The above three categories of coincidences in Lost are rough cuts. There are subtleties in some of the inexplicable intersections which fit into none of the categories. For example, in what we might call a reciprocal coincidence category, we have Sayid's face appearing on the television screen in Kate's stepfather's office when she is visiting him, years after the two met in Iraq with Kate's stepfather taking out Kate's photograph. These kinds of coincidences deepen the texture and meaning of the show. The incredible lattice they weave is the greatest genre of all. And yet...
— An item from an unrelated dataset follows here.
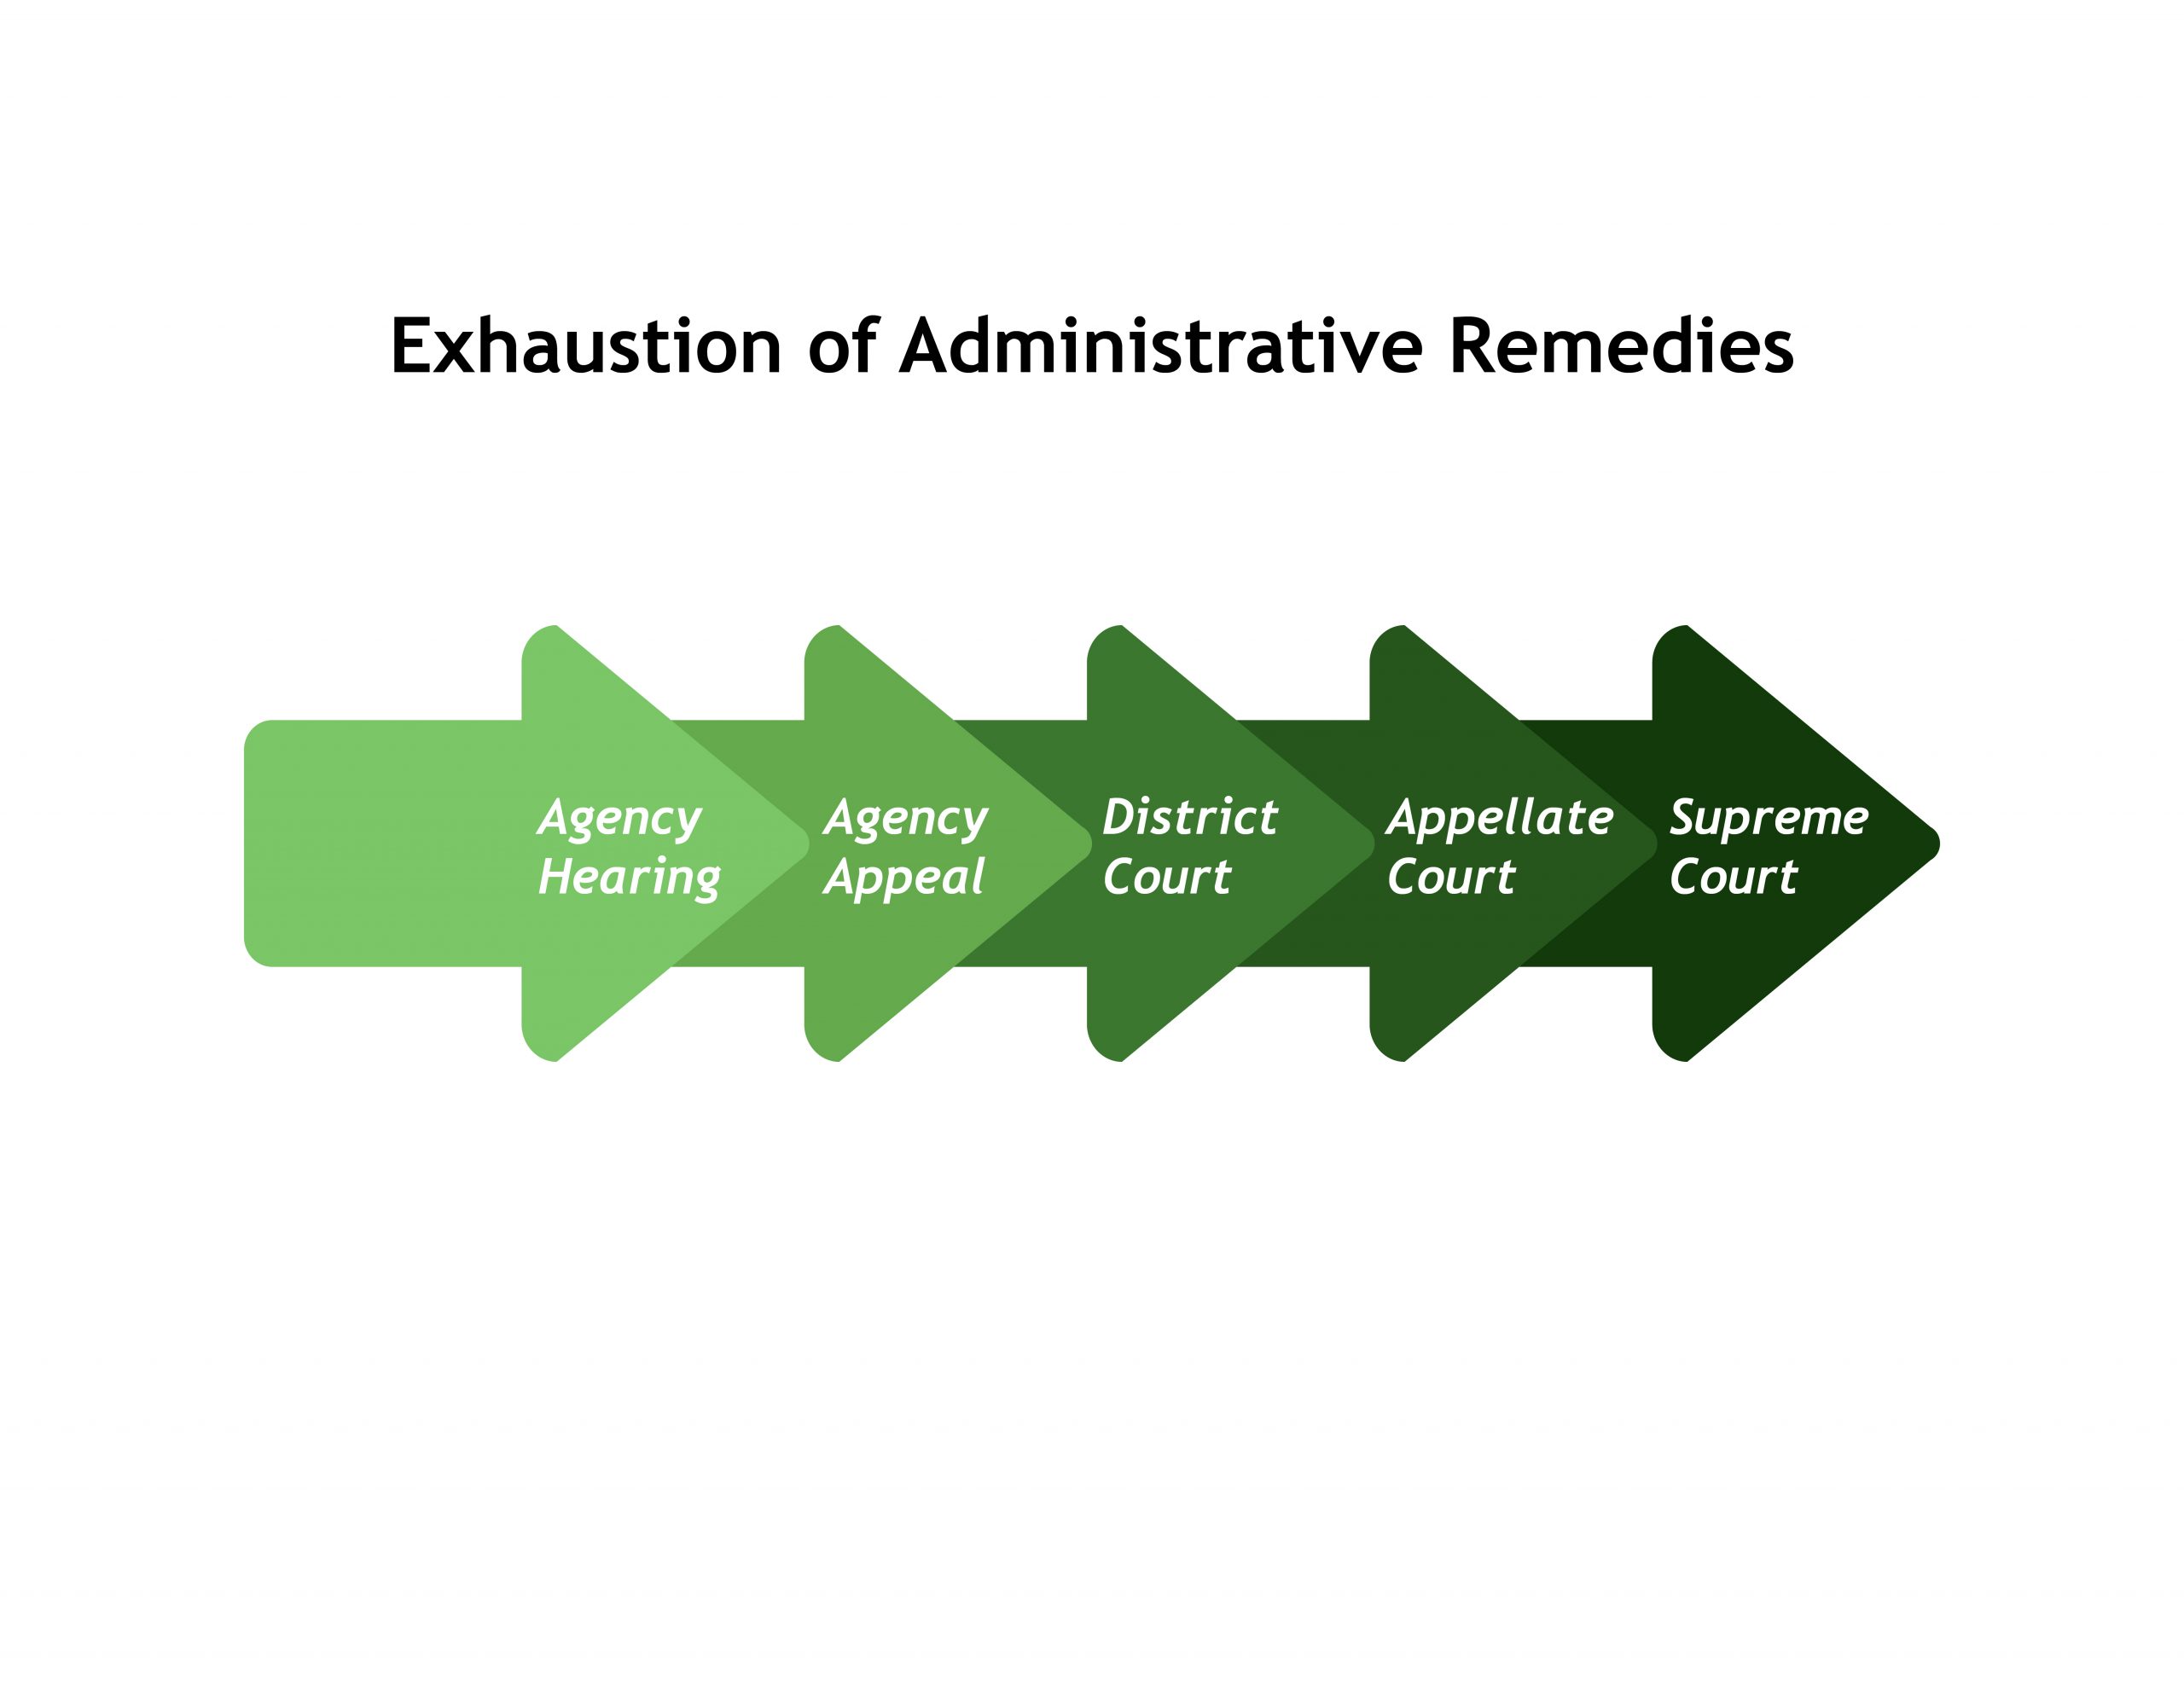 Graphic showing required steps in exhaustion of administrative remedies

Relying as the incredible coincidences do on the back stories of the characters, we have to consider one other possibility regarding Lost and its genres:

Are the Flashbacks Lies?

Alfred Hitchcock -- a master of mystery, usually explicable, sometimes not, if ever there was one -- remarked to Francois Truffaut in their famous 1966 interview book (Hitchcock, by Francois Truffaut): "I did one thing in a picture I never should have done; I put in a flashback that was a lie." Truffaut replies, "Yes, and the French critics were particularly critical of that."

Hitchcock is talking about his 1950 movie, Stage Fright, in which Jane Wyman plays a character who remembers a sequence of events in a flashback that is a fabrication. As Truffaut points out, she's not actually lying - the villain has actually lied to her, and she is remembering his lie, as if it were truth. But the effect on many audiences was the same: they felt they were being lied to, not by the bad guy, but by the guy who made the movie.

Hitchcock lamented, why can't we put a lie in a flashback? He certainly has a point. It's just narrative convention that says flashbacks are by and large recollections of what really happened to a character.

This convention has been stretched a few times since the 1950s, in movies like Fight Club, in which the lead character is deranged, or in any number of science fiction stories like Philip K. Dick's (who knows, maybe he was influenced in the 1950s by Stage Fright), in which the essence of the story is the manipulation of memories in ways of which their possessors are unaware.

This points, then, to a completely different kind of explanation for the mixing of genres and inexplicable coincidences in Lost. Both the genres and the coincidences are dependent upon the flashbacks. But what if the flashbacks are lies?

Any one of the characters could of course be lying to him or herself. Nothing even implausible about that. But interlocking flashbacks' reciprocal coincidences, like Sayid's and Kate's stepfather's, reduce the odds of people lying to themselves, as does the mere fact that so many characters are having implausible flashbacks which are lies. Unless something on the island is causing that to happen.

Dharma could certainly be the cause of that, in ways we cannot yet understand. Or perhaps the island itself - no purgatory, no island of lost dreams or souls, just a nasty meta-narrative island of lost truth in flashbacks.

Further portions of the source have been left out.